The Washington State Personnel Appeals Board (PAB) has denied the appeal of a Washington Department of Corrections guard who was suspended and dismissed for repeated failures to report to work and call in his absences.

Clallam Bay Corrections Center guard Michael Dopps has been the subject of six prior formal and informal disciplinary actions for either failing to report to work or for being tardy between October 1998 and December 2002.

Because Dopps’s weapons qualifications had lapsed, he was prohibited from from manning any “armed post” until he received his weapons qualification. On September 17, 2002, Dopps was reassigned from his tower post to another unit. Dopps said he was refusing to work any post other than Tower 1, or he would go home. When his supervising Lieutenant advised him to report to his post, Dopps left the prison.
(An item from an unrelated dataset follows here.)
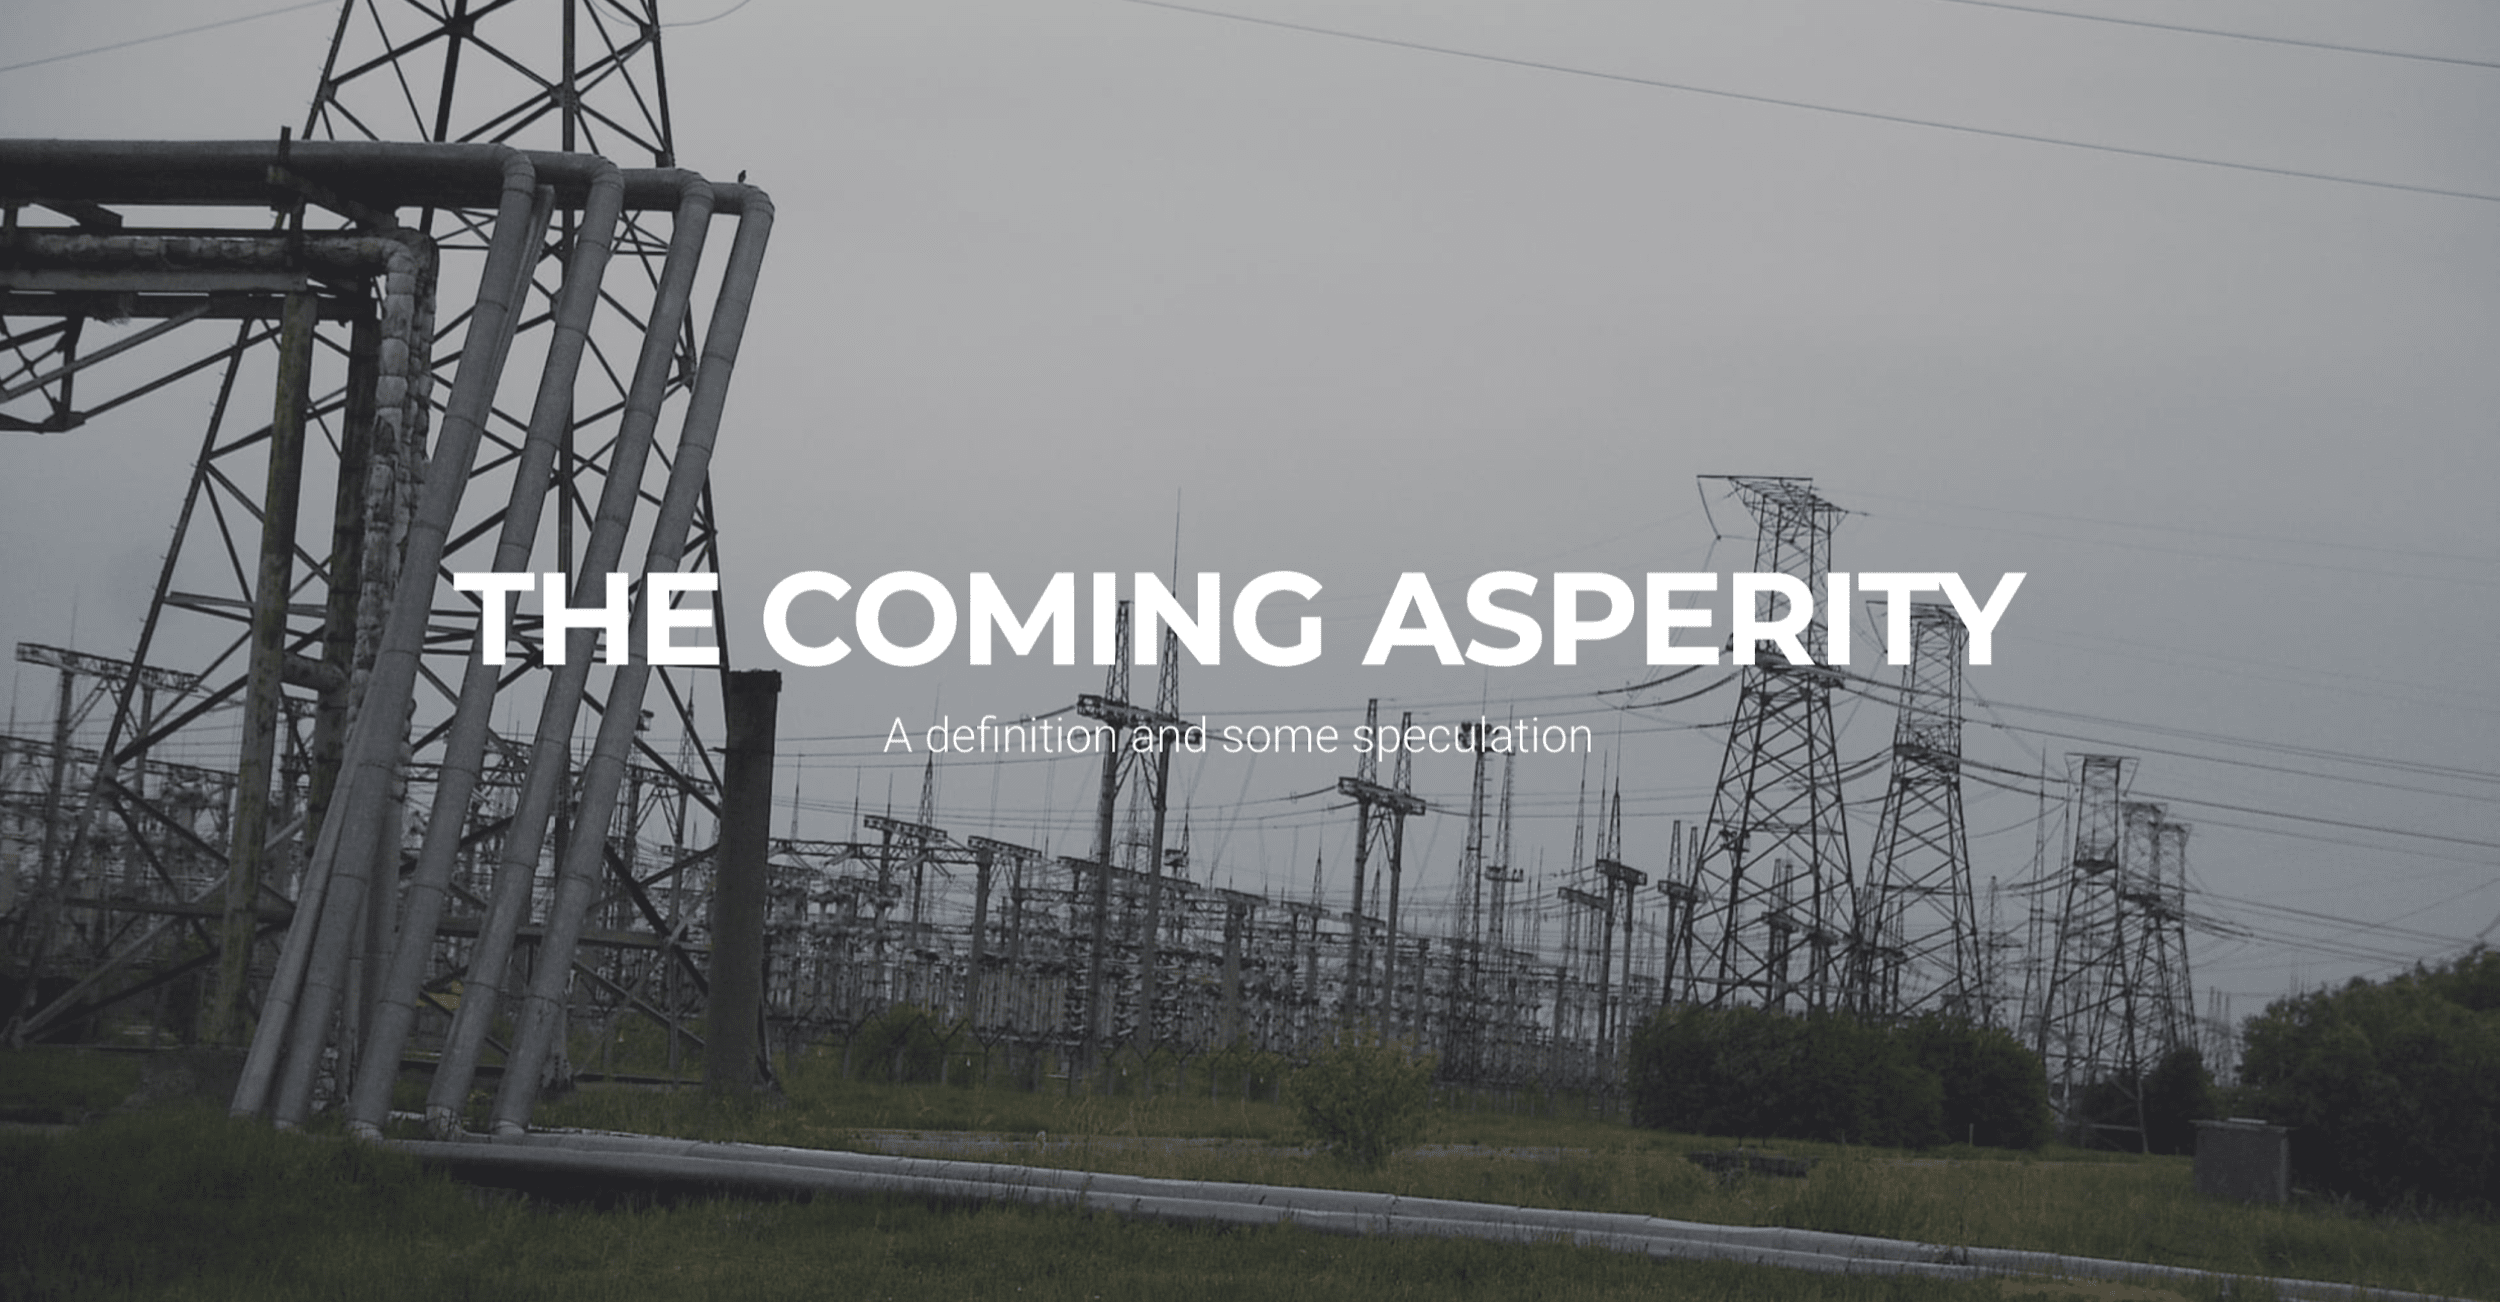 The Coming Asperity

Between September 28th, and October 8, 2002, Dopps failed to report to work three times without advising the prison of his absence. He was suspended, and when he failed to meet with the prison superintendent on November 25, 2002, he was dismissed.

The PAB held the sanction was appropriate for Dopps willful failure to comply with policy that required him to report to his new post and to report his absences. His gross misconduct kept the prison from being able to carry out its functions and cost it overtime. The appeal was denied. See: Dopps v. Department of Corrections, PAB No:
Dism-030009 (2004) . The PAB ruling is in the briefbank.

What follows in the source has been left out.